**Data excerpt**
"""
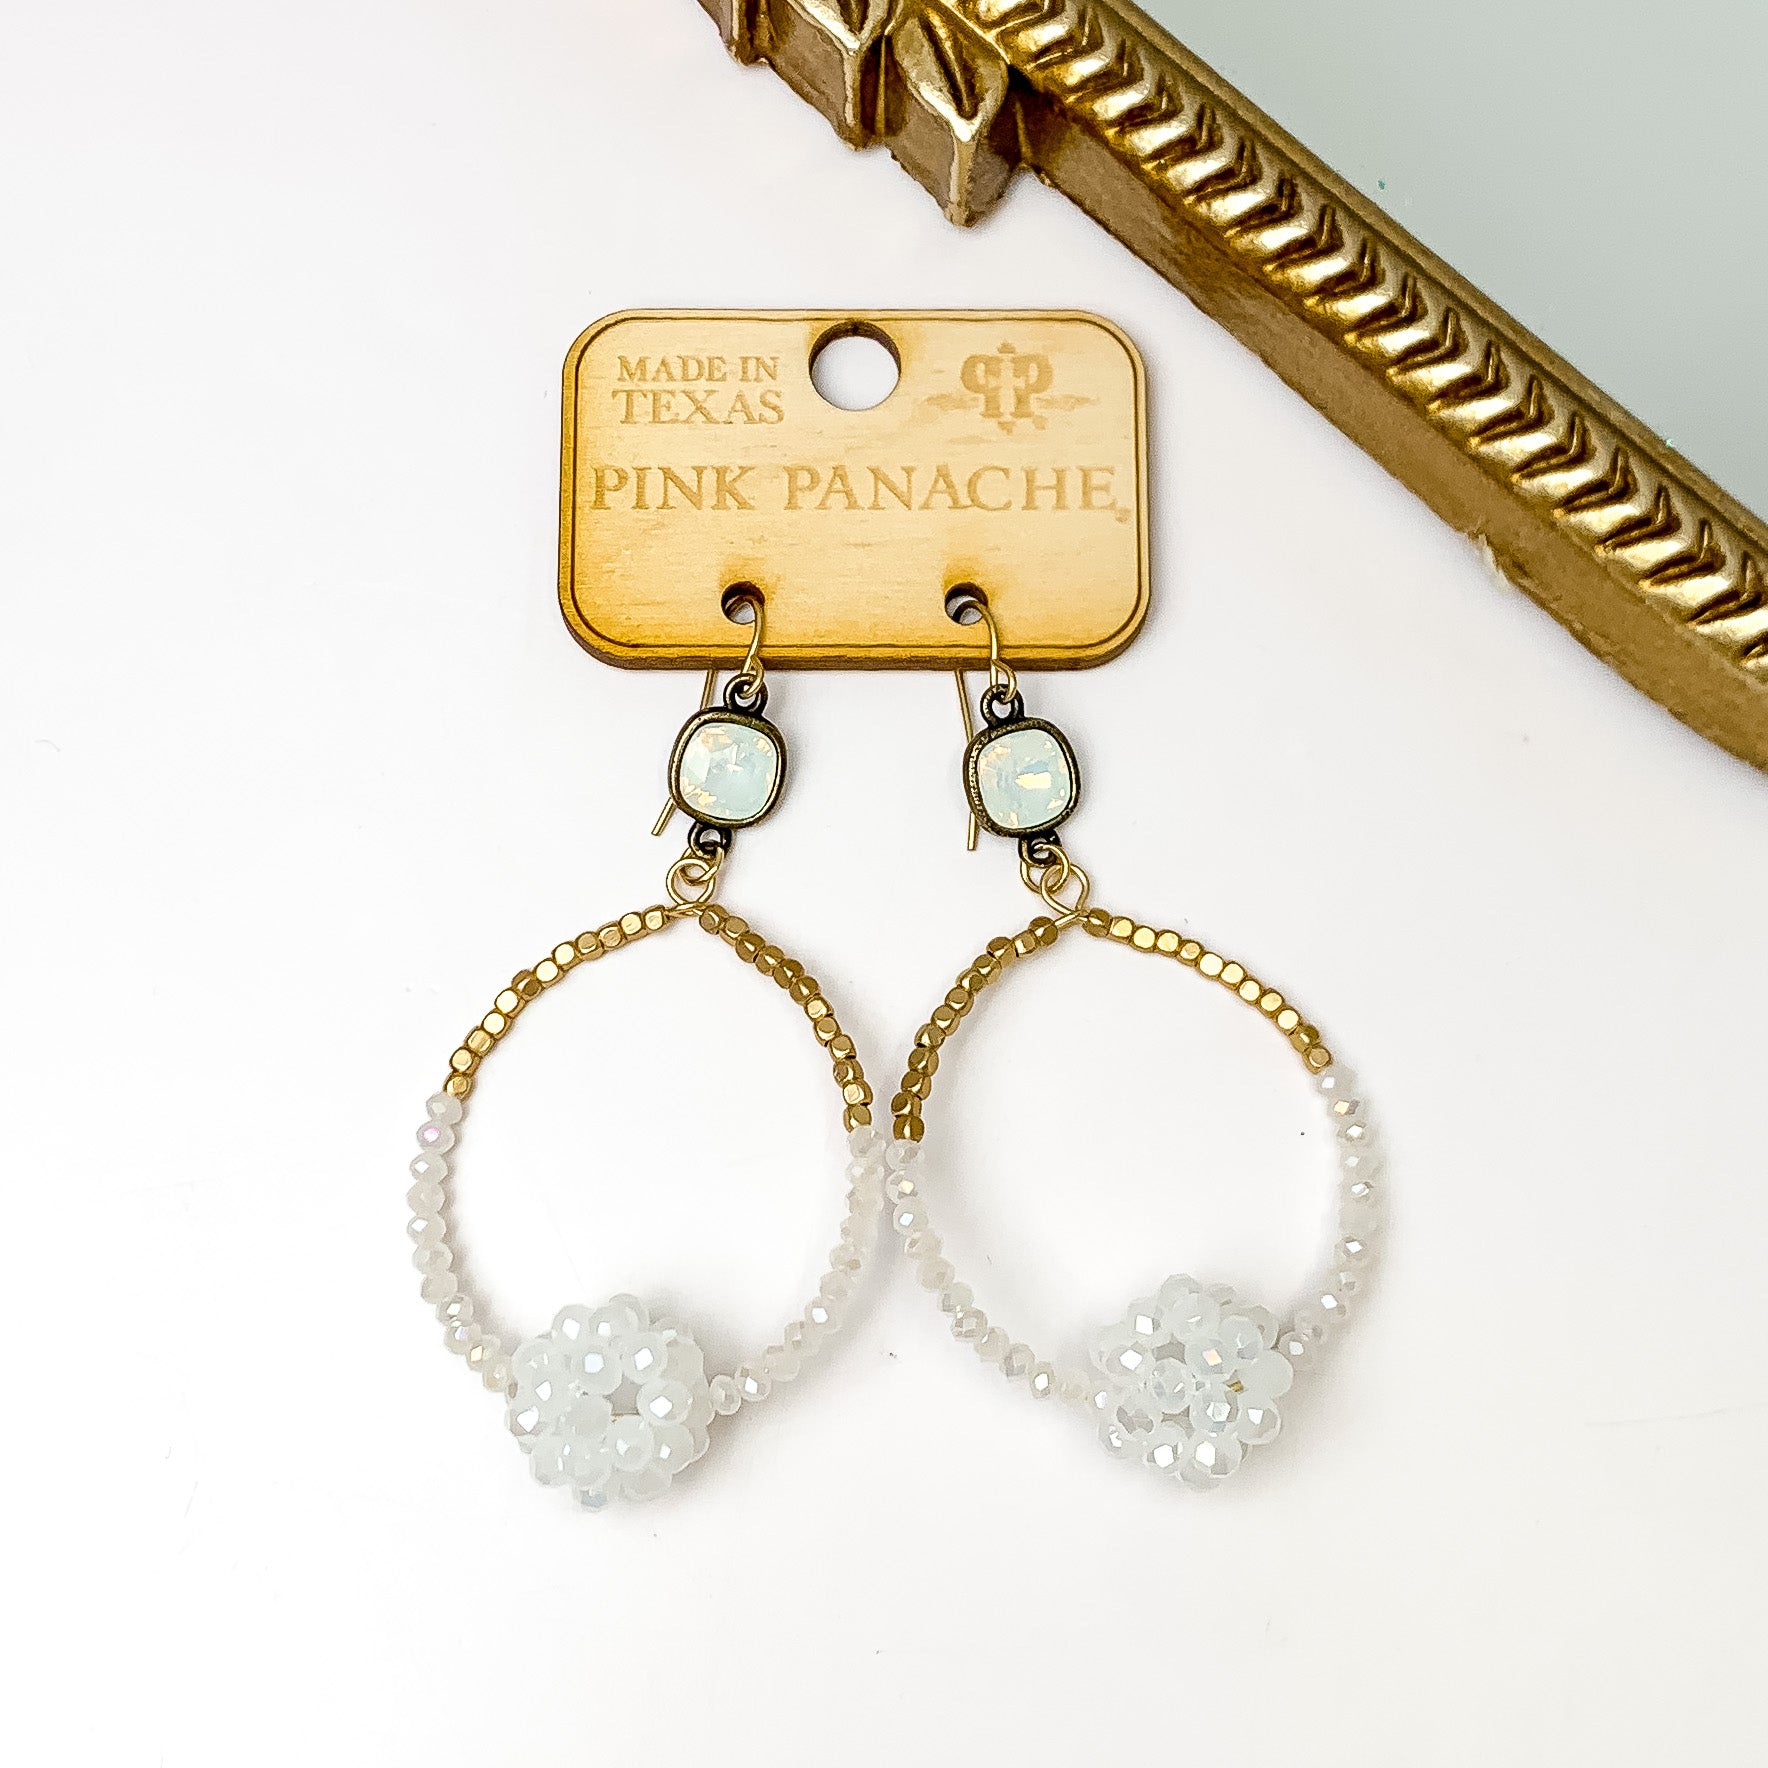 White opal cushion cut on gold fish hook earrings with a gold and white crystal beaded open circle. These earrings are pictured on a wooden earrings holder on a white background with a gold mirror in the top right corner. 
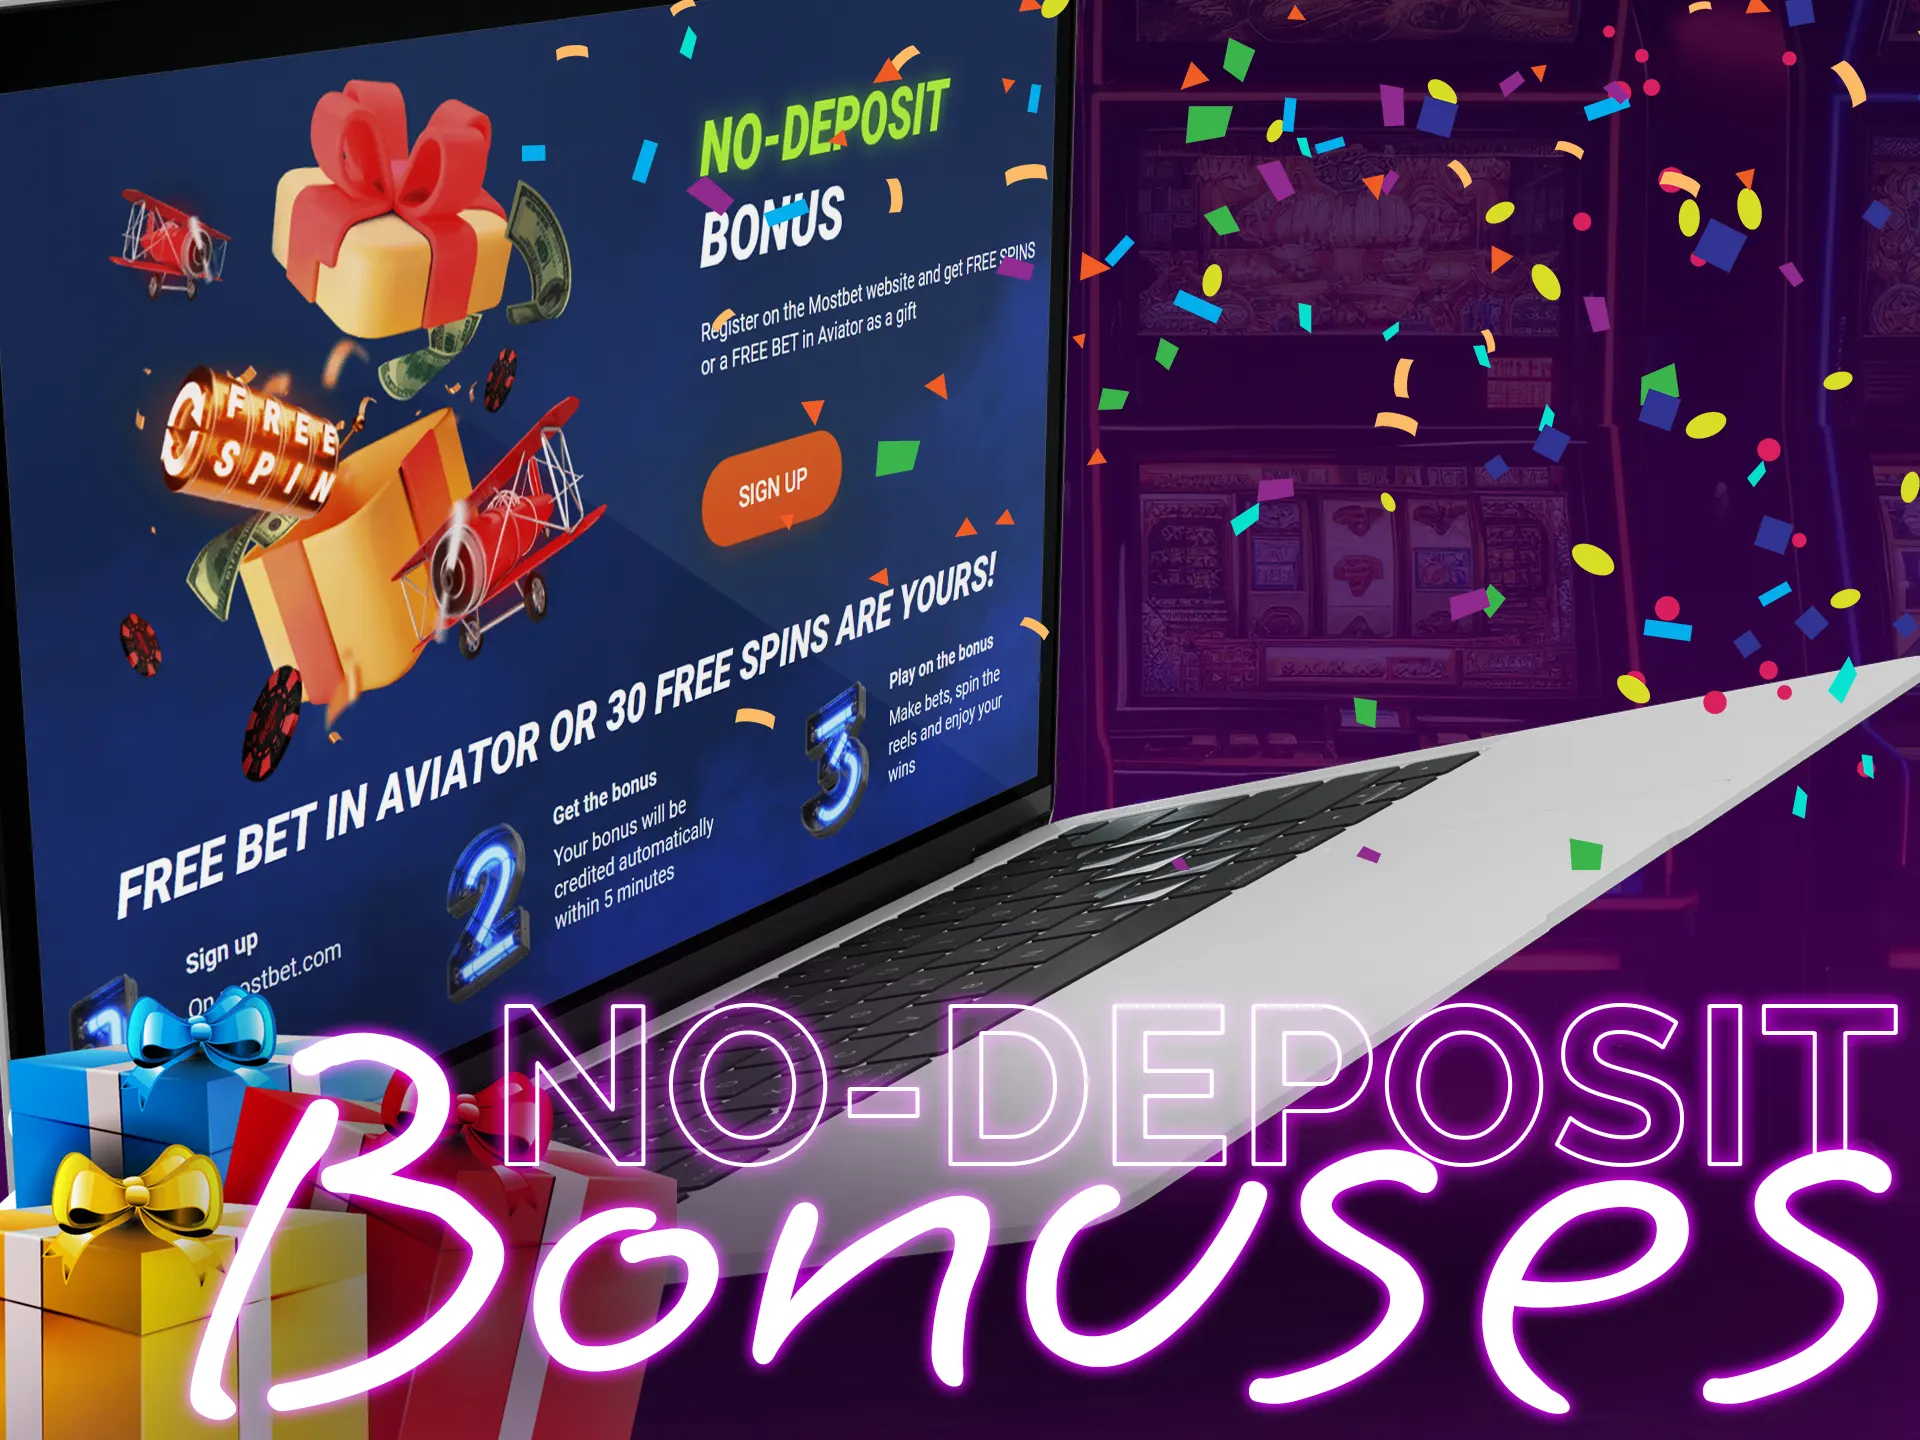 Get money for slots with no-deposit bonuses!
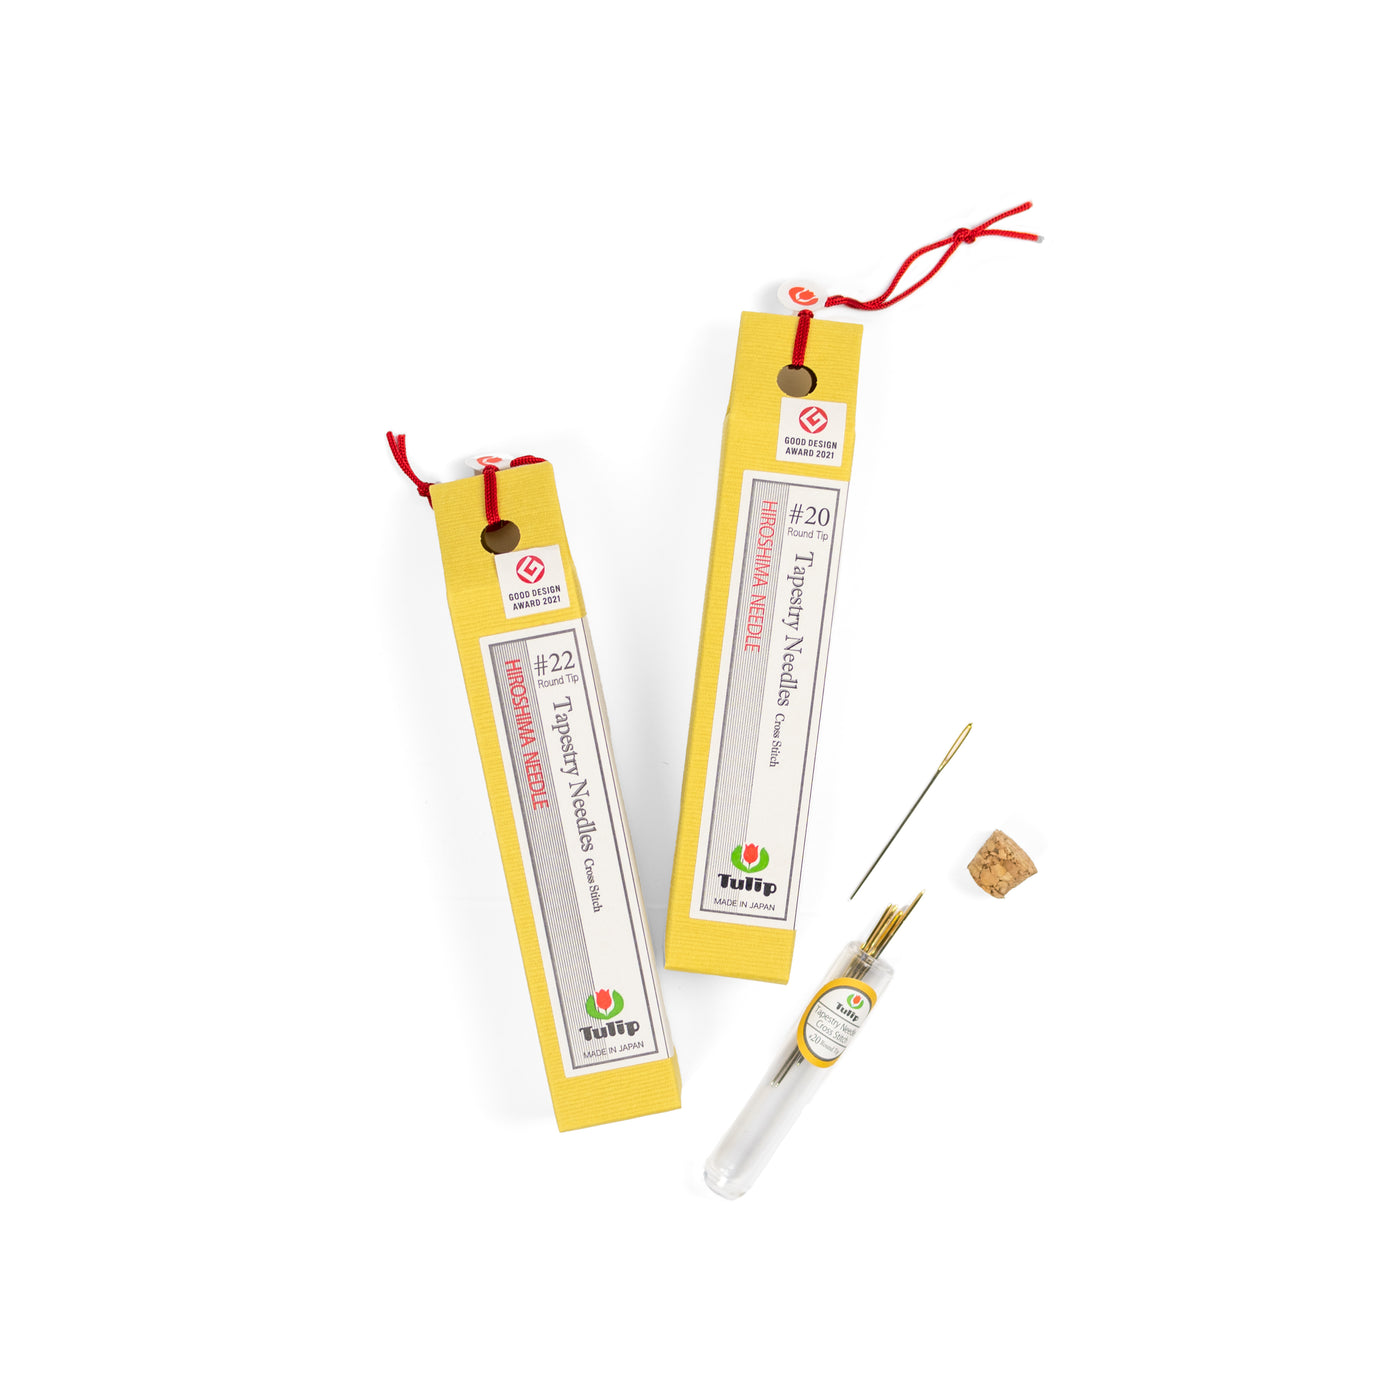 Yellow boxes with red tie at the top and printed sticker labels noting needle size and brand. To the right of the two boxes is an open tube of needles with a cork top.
"""
**Task description**
Give the listing again in full, exactly as it is, but without its images.

**Exercise result**
 White opal cushion cut on gold fish hook earrings with a gold and white crystal beaded open circle. These earrings are pictured on a wooden earrings holder on a white background with a gold mirror in the top right corner. 
 Get money for slots with no-deposit bonuses!
 Yellow boxes with red tie at the top and printed sticker labels noting needle size and brand. To the right of the two boxes is an open tube of needles with a cork top.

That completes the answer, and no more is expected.